Nous avons donc ici une description en peu de mots du fonctionnement de la guerre de positions, soit la convergence de la violence extrême atteinte grâce à l’utilisation des armes de l’âge industriel et la stagnation stratégique (personne n’ayant  réellement avancé au terme du cycle flux-reflux que l’on vient d’évoquer).

La violence de guerre est aussi crûment mise en lumière avec là encore une grande économie de mots : Harrison est tué par un obus qui tombe là où il se trouve, blessant aussi le camarade à ses côtés (« and one shell fell on your son’s gun, killing him and wounding a comrade »).
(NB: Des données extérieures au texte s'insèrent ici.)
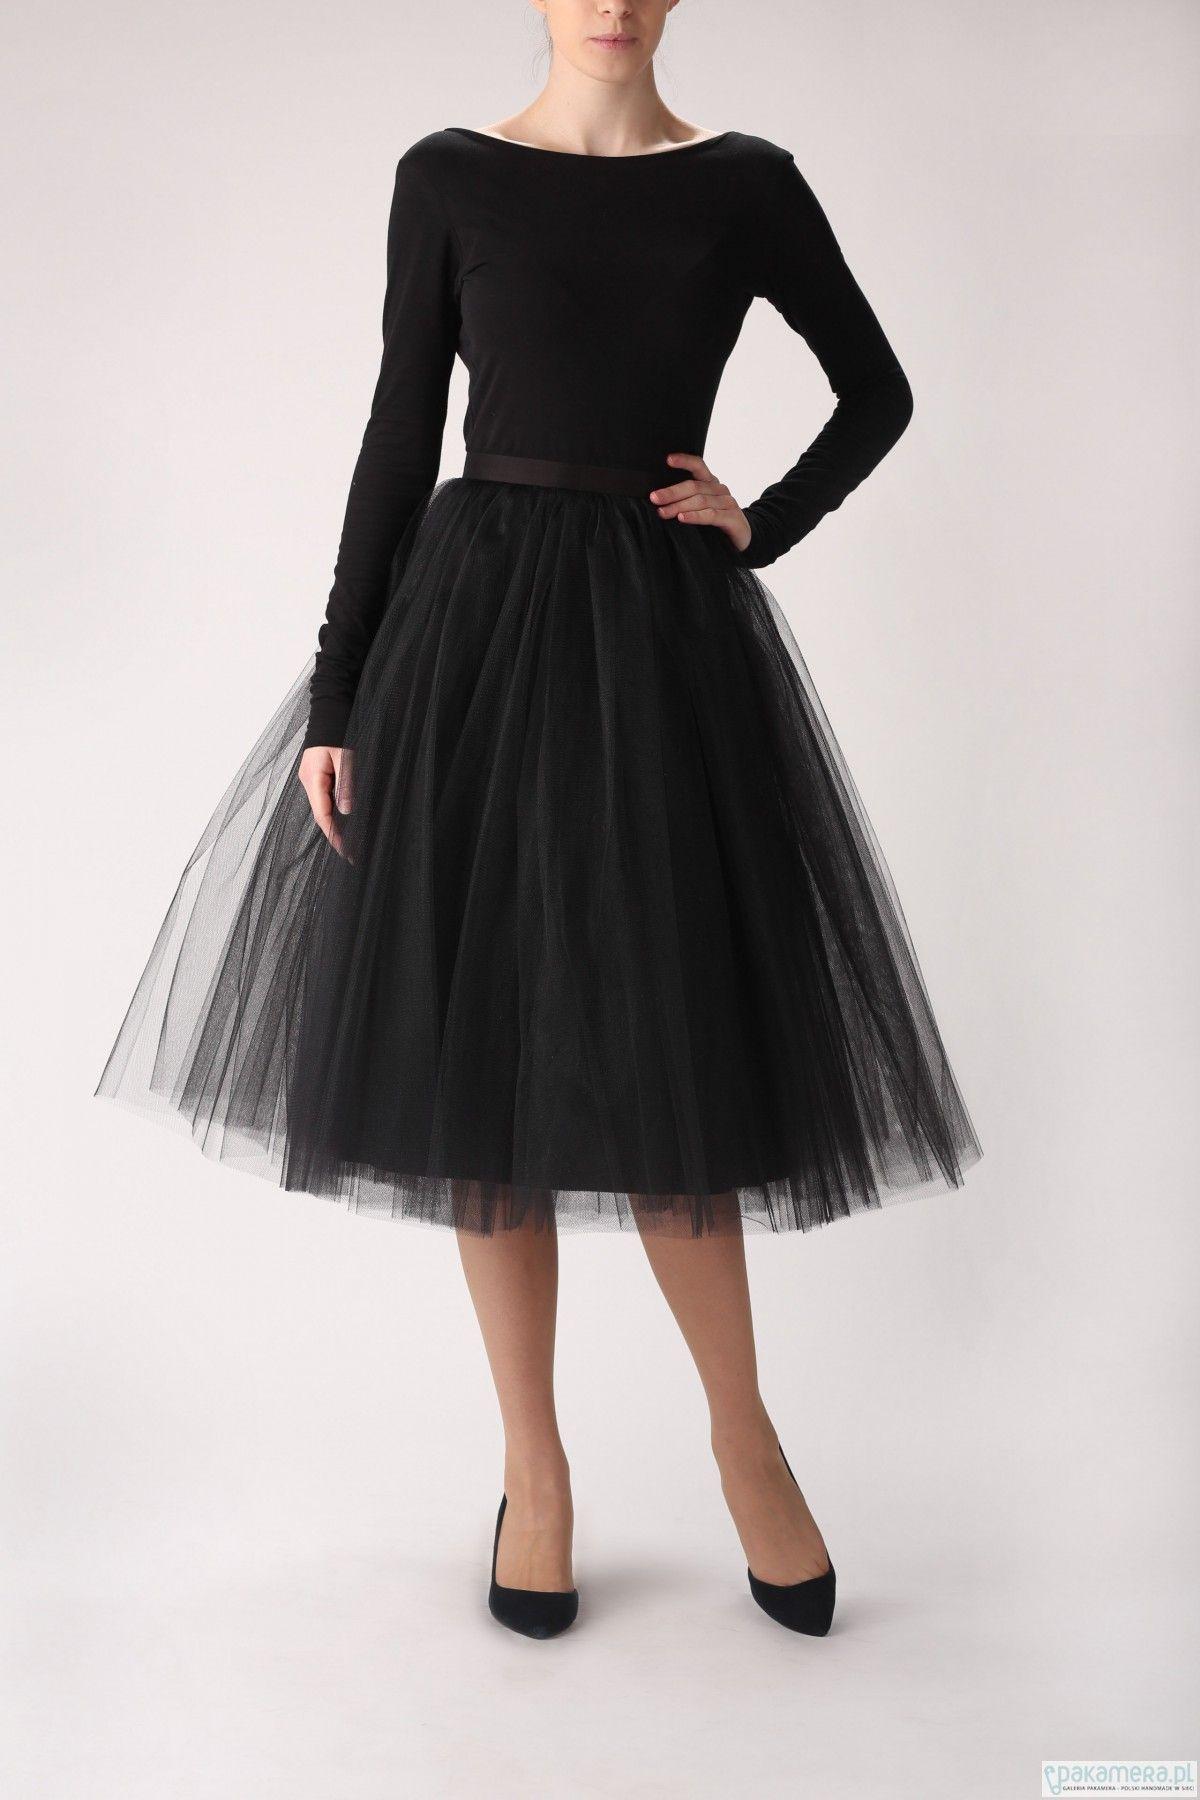 Fashion fashion pinterest fashion clothes and tulle skirts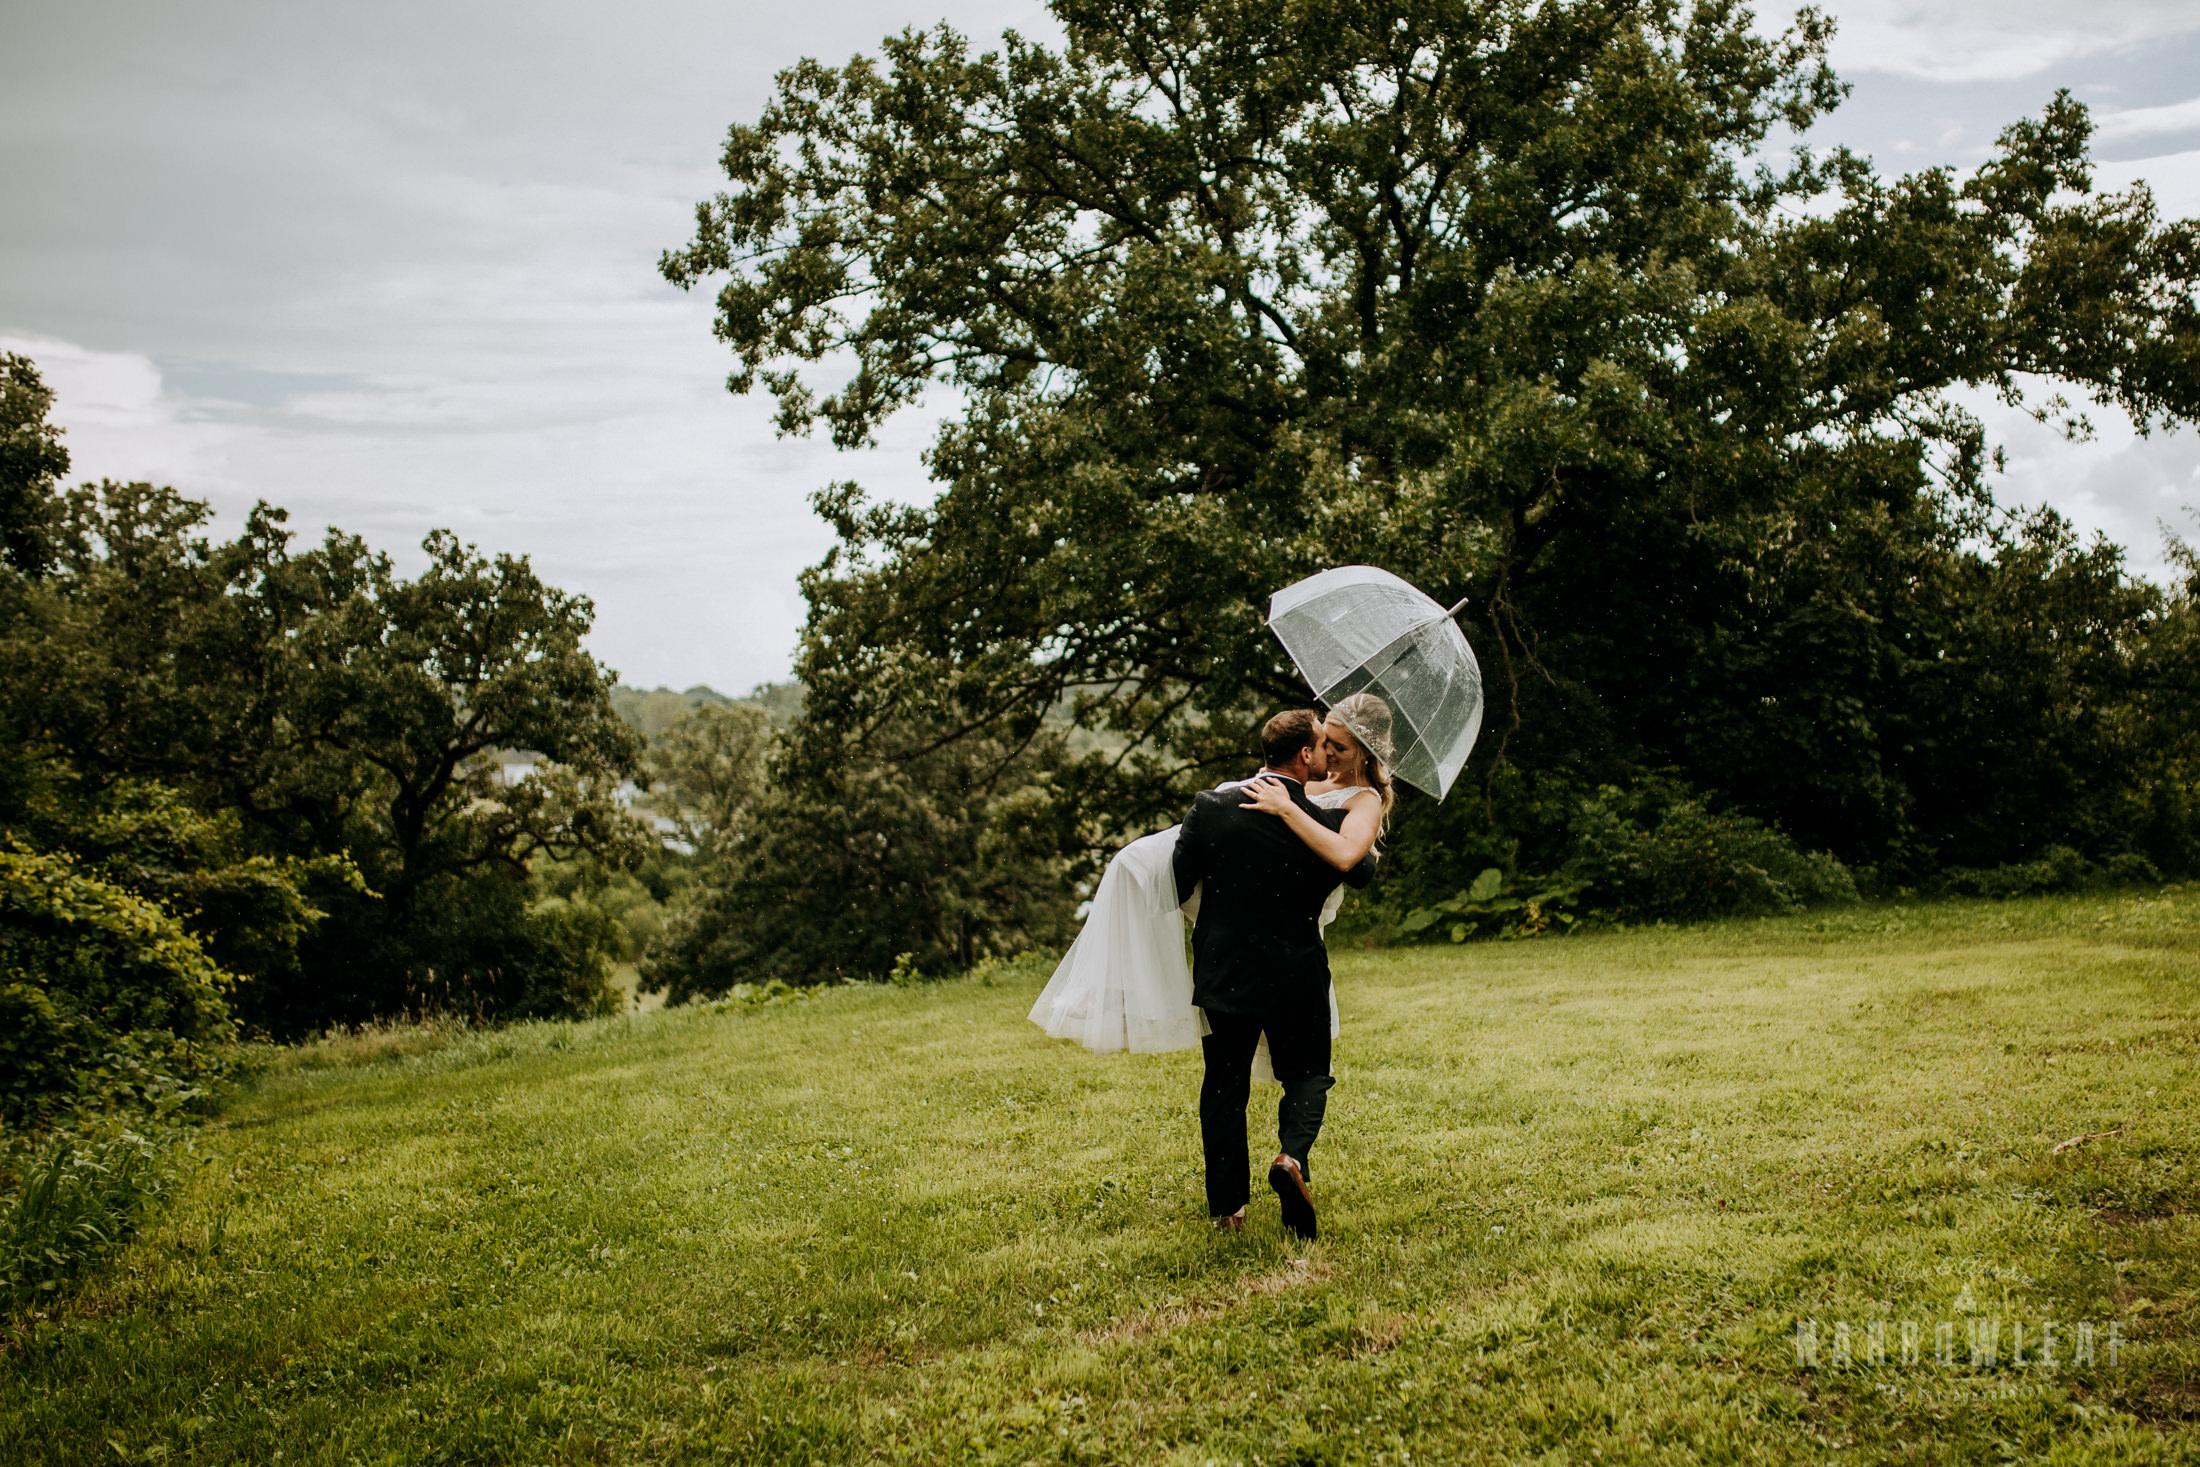 John-P-Furber-Farm-Minnesota-wedding-photographer-Narrowleaf_Love_and_Adventure_Photography-8940.jpg

La phrase suivante dit l’intensité de la destruction des corps sur les champs de batailles de la Grande Guerre : « It was impossible to get his remains away » / il n’a pas été possible de ramener ses restes, euphémisme pour dissimuler un peu le fait que le corps a été intégralement broyé par l’explosion, et qui explique que seul l’emplacement de son décès a été marqué : et une croix indique sa place, comme le dit le titre du morceau.

Enfin, les mots que l’officier formule à la fin de sa lettre ouvrent le champ du deuil familial, nouvelle phase de la vie de ses proches que le registre patriotique incontournable en la circonstance peine forcément à compenser : « votre fils a toujours fait son devoir, il a même donné sa vie pour la patrie, Nous honorons tous sa mémoire, et j’ai l’espoir que vous trouverez un peu de consolation en gardant ceci en mémoire ». De fait, si la mort du private Harrison fut « instantanée et sans souffrance », il n’en sera pas de même de l’ombre portée de son absence, et les expressions de visage de l’officier fictionnel qui écrit la lettre dans la vidéo montrent qu’il en a d’ailleurs pleinement conscience. Les derniers mots, froidement ironiques, détournent le texte original de la lettre, qui est signée non de l’officier, mais de la guerre elle-même (« In true sympathy, yours faithfully, War », soit : En toute sympathie, fidèlement votre, la Guerre…).